Where-as for a similar set of 4 days, and ~45M rows this takes 30 seconds.

So I add some TO_DATE(time), TO_DATE(start_time) columns to the two tables, and then added AND tp.time_day = i.start_time_day and the first query went to ~60 seconds. But I was missing a few million rows as my time ranges span multiple days…

So I did many things that didn’t work (like trying to use a GENERATOR with dynamic input) and settled on a simple solution

CREATE OR REPLACE TABLE TEN_YEARS_OF_DAYS(date) AS
SELECT DATEADD(day, (rn-1),DateADD(months,4,DATEADD(years,-10,CURRENT_DATE))) FROM (
SELECT row_number() over(order by 1) as rn
FROM TABLE(GENERATOR(rowCount => 365*10)) v);

CREATE OR REPLACE FUNCTION get_dates_for_N_days ( start_date DATE, end_date DATE )
RETURNS TABLE (date DATE)
AS 'SELECT date FROM TEN_YEARS_OF_DAYS WHERE date BETWEEN start_date AND end_date';

so this creates a table with ten years of data (moved 4 months into the future) and a table function that selects the rows from it, so I can do a lateral join on that function

CREATE OR REPLACE TEMPORARY TABLE TABLE_I_B AS
SELECT e.*, t.date as range_day_part
FROM TABLE_I e, LATERAL get_dates_for_N_days(TO_DATE(e.start_time), TO_DATE(e.end_time)) t;

So the above code creates another temp table with a row per table B record with every Day is a duplicate row, now we have more rows in the seconds table, but we can do a date based match to speedup the query.

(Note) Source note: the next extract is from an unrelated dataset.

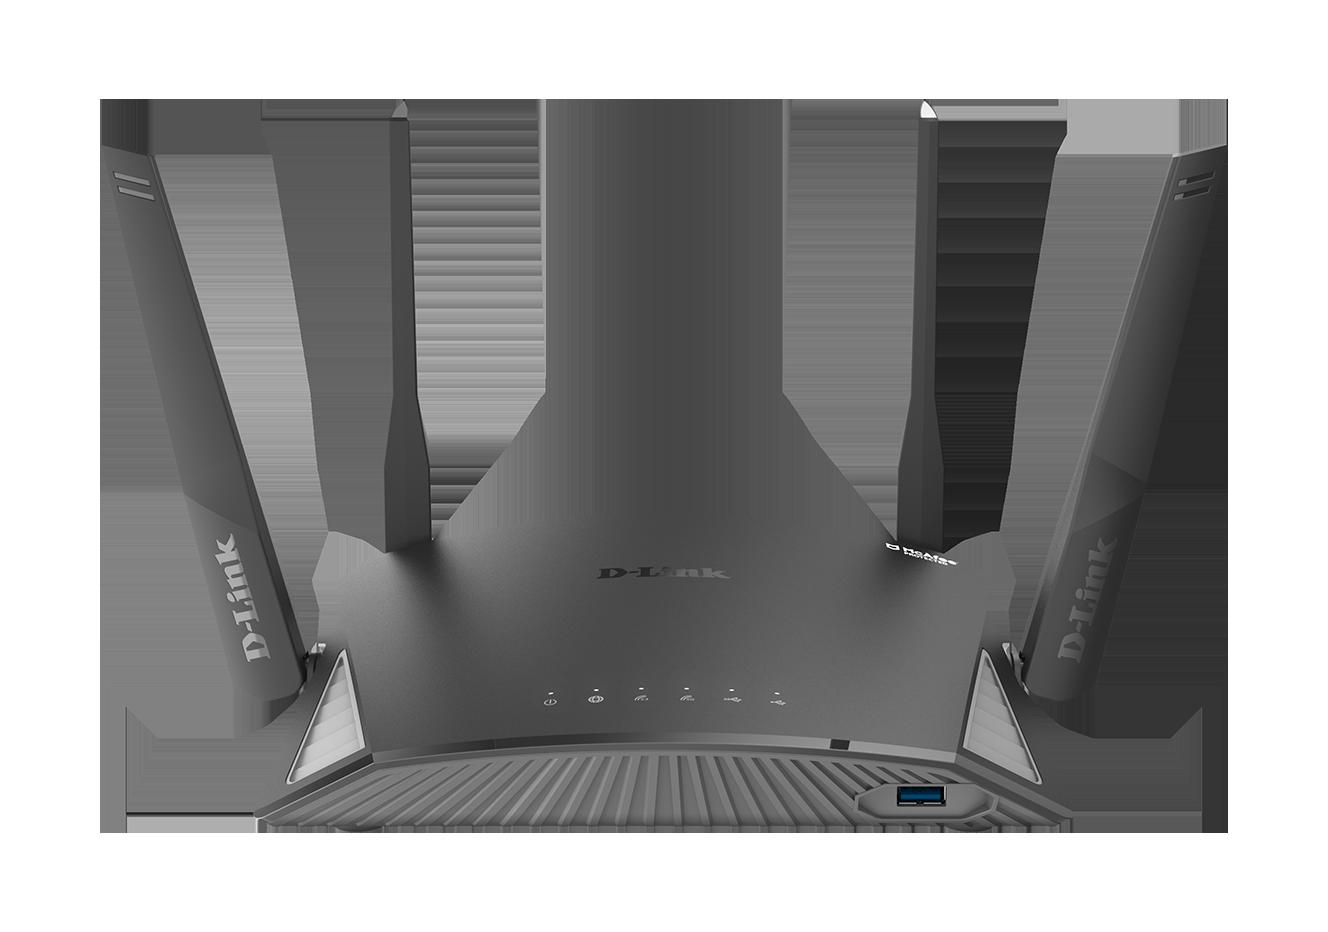 DIR-2660 EXO AC2600 Smart Mesh Wi-Fi Router front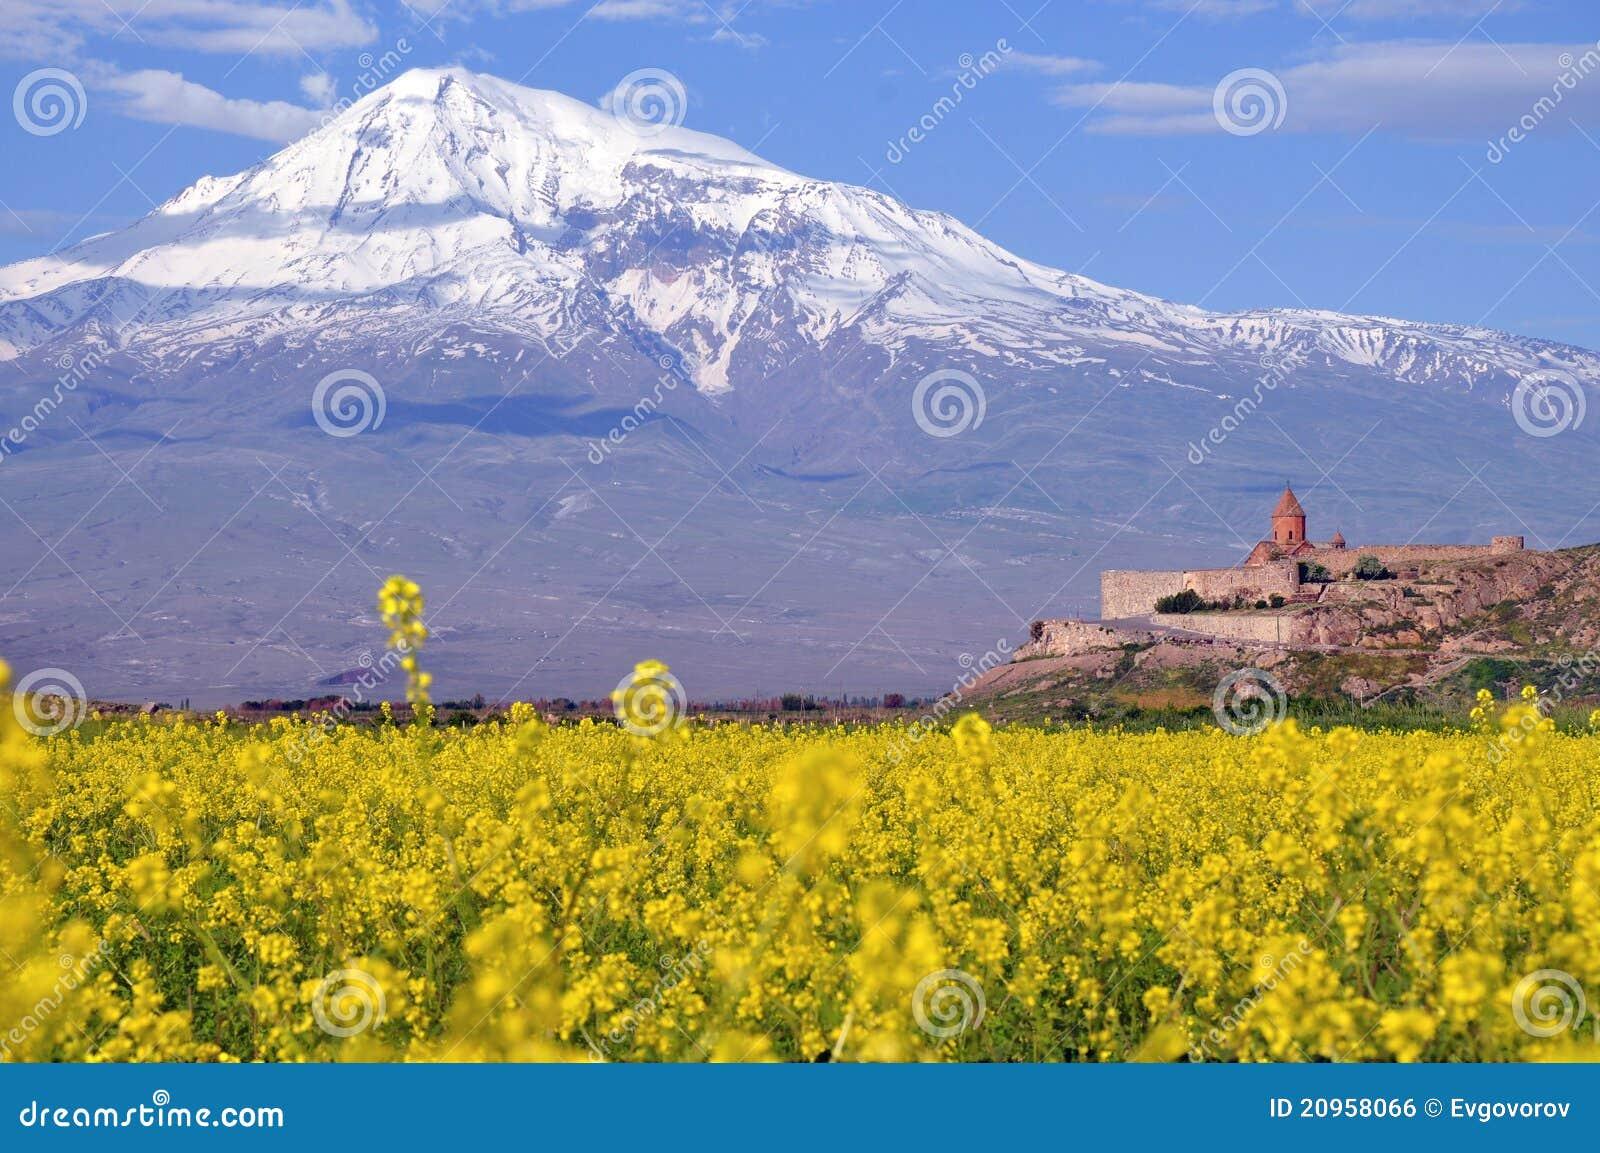 Ararat in armenia royalty free stock image image 20958066 for Ararat armenian cuisine

CREATE OR REPLACE TEMPORARY TABLE WORKING_B_B AS
SELECT tp.u_id, tp.time, i.value
FROM TABLE_P_B tp
JOIN TABLE_I_B i
ON tp.u_id = i.u_id AND tp.time_day = i.range_day_part
AND tp.time >= i.start_time AND tp.time < i.end_time;

This code runs in 60 seconds and gives the same results as the 45 minute code.

Things to note, putting LATERAL table joins on a selects with CTE’s presently breaks the SQL parser, in fact even nested selects and LATERAL don’t mix, thus the extra tables with _B etc. Also CTE’s make life so much easier, but as you start joining to them a lot, performance slips, I have found where I do a complex join is a good time to output to a temporary table, and the performance again is crazy…

Snowflake is just a beast. I have a man crush…